Split configure script

Motivation

We're getting pretty close to being done making GHC multi-target. One consequence of this is that GHC itself won't depend on the vast majority of the @vars@ from configure. Only src-determined things like @ProjectVersionMunged@, @LlvmVersion@, etc. are still needed project-wide.

What I propose then is we strip down the root configure.ac to just substitute those platform-agnostic variables with no dynamic checks, and push the vast majority of the configure checks into package-specific configure scripts rts, inter-gmp, and base. The settings file does depend on a number of configure checks, but it can be either an extra file installed by the rts, which makes sense is it basically is saying how to produce Haskell which works with a given RTS, or get it's own configure script. As usual, the m4 directory means we an share as much logic as we like between these scripts.

This has a number of benefits:

Running top-level configure should only make changes that are "safe for sdist". E.g. we can put all the versions in the cabal files and then sdist each cabal package. C.f. !5965 (merged).
Prevents regressions with multi-target: Compiler doesn't know about the target platform by construction, so it cannot be biased towards one or another.
Slightly more parallelism: we can immediately start building the compiler.
Better incremental builds: Changing configure results will no longer invalidate the stage 0 compiler build via ghcautoconf.h. More broadly each package only sees the options it cares about, so smaller incremental benefits for the other libs.
One step closer to cabal build ghc for a stage 0 compiler. Running the meta-configure is trivial preprocessor step that also could be done in ./boot instead of autoconf as follow up work. Then the only thing blocking the cabal-built compilers is code gen executables genprimmops. But we have build-tool-depends already to hack something up, and longer term I hope https://github.com/ghc-proposals/ghc-proposals/pull/243 means it can all become TH.

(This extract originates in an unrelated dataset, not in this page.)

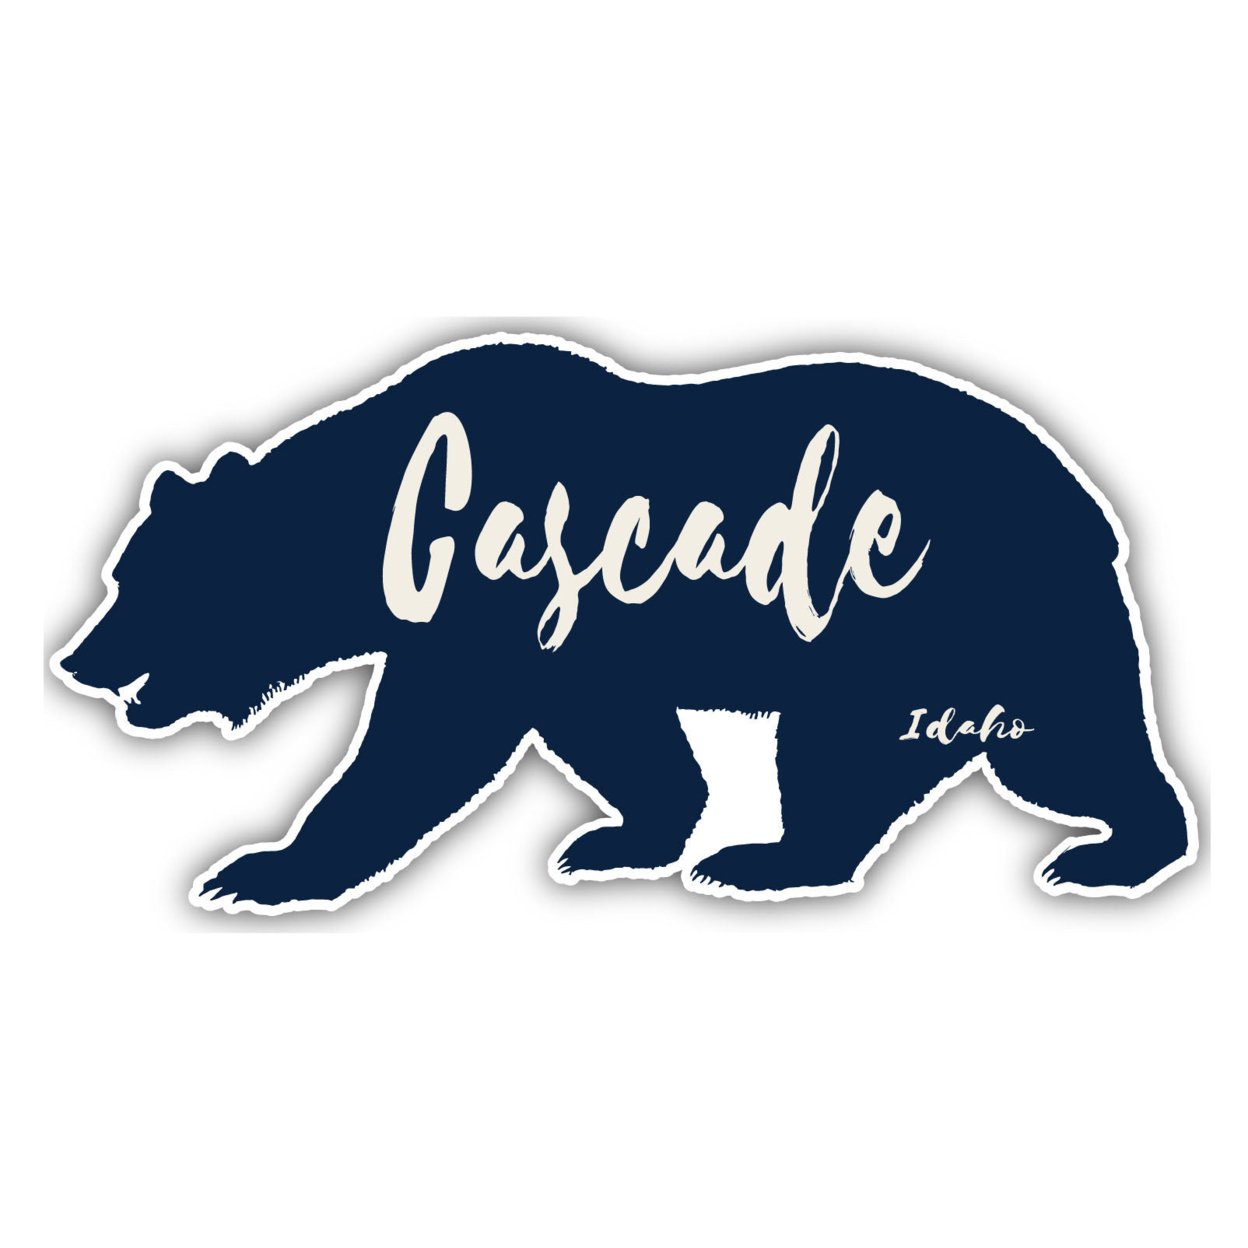 Cascade Idaho Souvenir Decorative Stickers (Choose Theme And Size) - 4-Pack, 10-Inch, Bear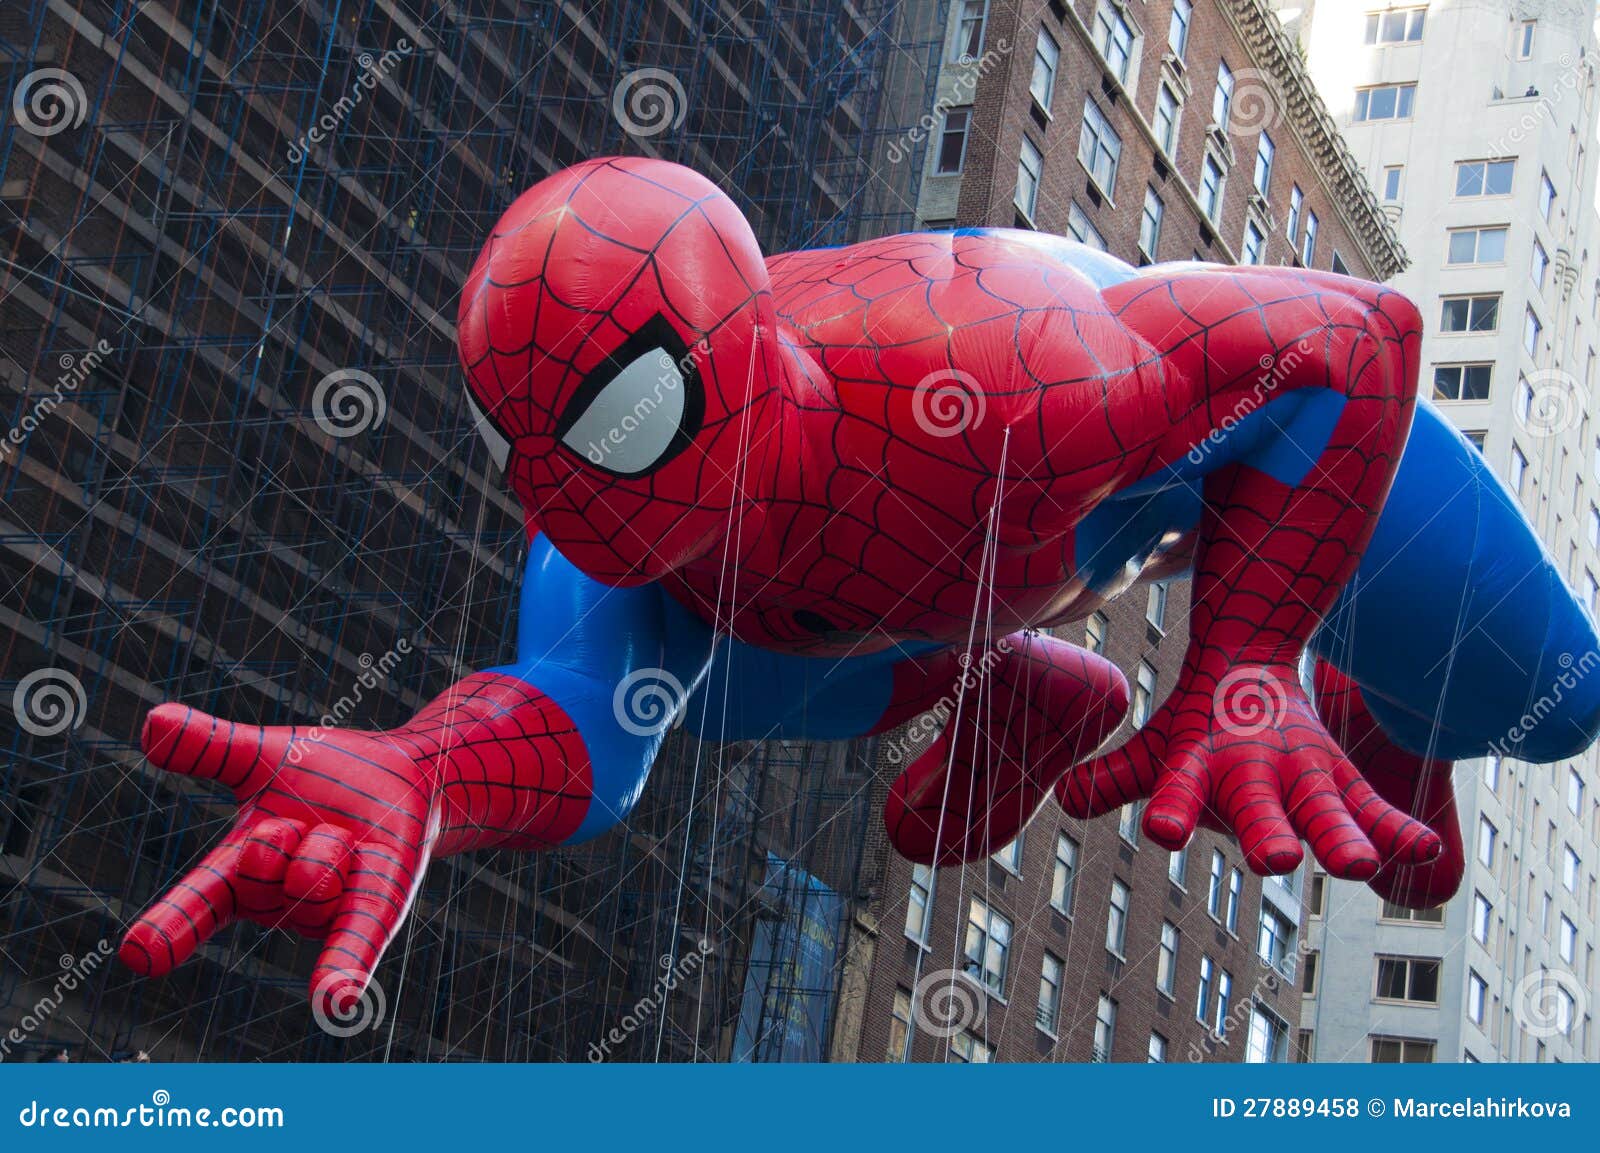 818 Cartoon Spiderman Stock Photos - Free & Royalty-Free Stock Photos from  Dreamstime

I'll try to avoid controversy by not including getting rid of autoconf in the above list :). My view is this split delivers most of the benefit of that, and right now configure.ac is too big and monolithic to assess how much we depend on autoconf and where. With this change any renewed talk on purging autoconf will be a better evidence-based discussion.

Things that get configured today

Good to keep in mind.

ghcautoconf.h, from AC_DEFINE, via mk/config.h
settings files per stage, originally directly via type level configure, now indirectly via make/hadrian
Build system config files, from AC_SUBST:
- hadrian/cfg/system.config
- mk/config.mk

Roadmap

Prep Make build system

It turns out there was a few things to do with the make build system to make it better cope with the RTS having a configure script, and generally anticipate the goals here.

Prep Hadrian changes

!6953 (closed) Hadrian: bring up to date with latest make improvements
!6978 (closed)

Prep Autoconf changes

!6828 (closed) modularize platform detection.
!6836 (closed) Separate some AC_SUBST / AC_DEFINE
!6927 (closed) Factor out unregisterised and tables next to code m4 macros
!6931 (closed) Factor out more m4 macros
!6964 (closed)

Other prep

!6216 (closed) Move /includes to /rts/include, sort per package better
!6839 (closed) Avoid GHC_STAGE and other include bits
!6791 (closed) / !6920 (closed) Compiler is target agnostic!
!6963 (closed) Generate ghcversion.h with the top-level configure
!6987 (merged)
!7100 (closed)
!9627 (closed) Remove hack for building RTS that gets in the way of build-type: Simple.

Intro RTS Configure script

A beachhead!

!6822 (closed) (optional intermediate step) do blank RTS configure script before moving anything over.
!9760 (closed) Bump Cabal so configure script can detect cabal flags.
!9756 (closed) Move extern symbols logic

Headers generated RTS side.

Hadrian can still tell RTS what the configuration is (the RTS configure script wont't yet decide for itself), but ghcautoconf.h and ghcplatform.h are made in the RTS configure script. mk/config.h can be deleted.

Rest of RTS-oriented configure logic.

The RTS is able to figure out its configuration without relying on correctly-set manual Cabal flags.

Perhaps the RTS will contain some settings info that Hadrian reads (c.f. #22686 (closed)) i.e. it could be a source of truth.

Slim down Cabal Flags for RTS

With the logic from before moved into the RTS configure script, there is often no need to make decision from the outside --- just let the RTS configure script make its own private choice.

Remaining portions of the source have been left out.